Pornography is an experience rather than an object (certain representations or toys) and that’s why it can’t be pinned down.  What is a turn-on to one person is a shrug to another.  Likewise, its creation can be hot or cold.  To a Victorian a well-turned piano leg may be erotic, let alone a human foot, properly shod.  Pornography may be written in a state of feverish tumescence or not, but the response is always in the brain of the beholder.  The skill of the pornographer (those that ARE skilled) is understanding what the particular trigger is and how to switch it on.

The overbearing relationship of capitalism to sexuality is everywhere in all aspects from the arts of cosmetic enhancement, to the shaping of desire, to the ownership of people used in sexual ways against their will, to the surgical businesses of gender conversion or virginity restoration -- and then, flipping all that over, the well-being of families. 
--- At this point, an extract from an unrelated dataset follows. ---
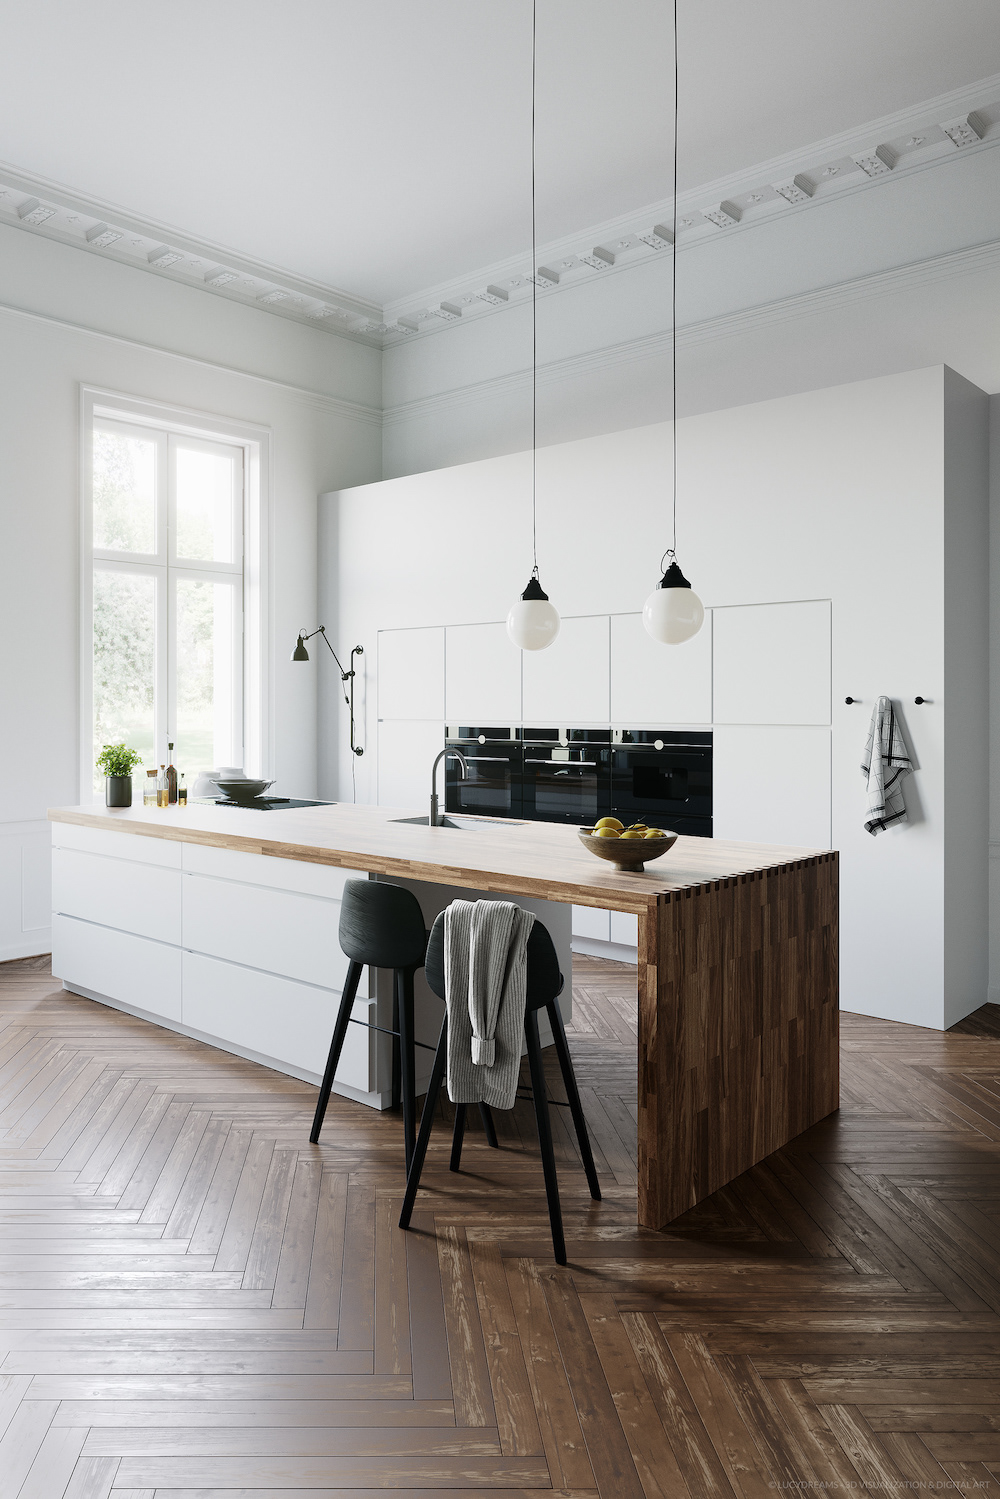 Keukentrends. Keuken als ontmoetingsplek. Witte keuken Mano van Kvik #keuken #keukentrends #kookeiland #wittekeuken #kvik #inspiratie

We must always provide the survival shaping of children’s identities and relationships through their sensoriums, their management of food and sleep, their clothing, the provision of safety or risk, the music they hear, their bedtime stories -- all crucial and we are right to protect it. Survival is not just a matter of employability, but also a matter of sustaining families, however defined.

Disease.  The inability to eliminate AIDS (or any other pervasive disease like TB or Hep C or cancer or other sexually transmitted diseases) may NOT due to any lack of medicine (at least not that alone) but because even with a silver bullet med, there are always social, cultural and psychological structures that prevent access, compliance, or even knowledge that a cure exists.  A killer disease like diabetes is easily prevented by individuals changing their diets, treatable with careful use of meds.  Yet the rate of compliance is about 30%, the rate of testing is low, and stigma is still attached to being fat -- let alone the threat of blindness and amputation -- so diabetes persists.  Public meals are still unadapted, candy dishes are still on desks, even churches that host Weight Watchers meetings also serve pie after services.

What about the deep relationship between war and sex?  It deserves some thought.



 *  phrase from Edwin Friedman [Rabbi and Psychologist--"Generation to Generation" his most quoted book].  He said in counseling, "remain a non-anxious presence who always self-differentiates and stays connected."  Courtesy of Mark Miller.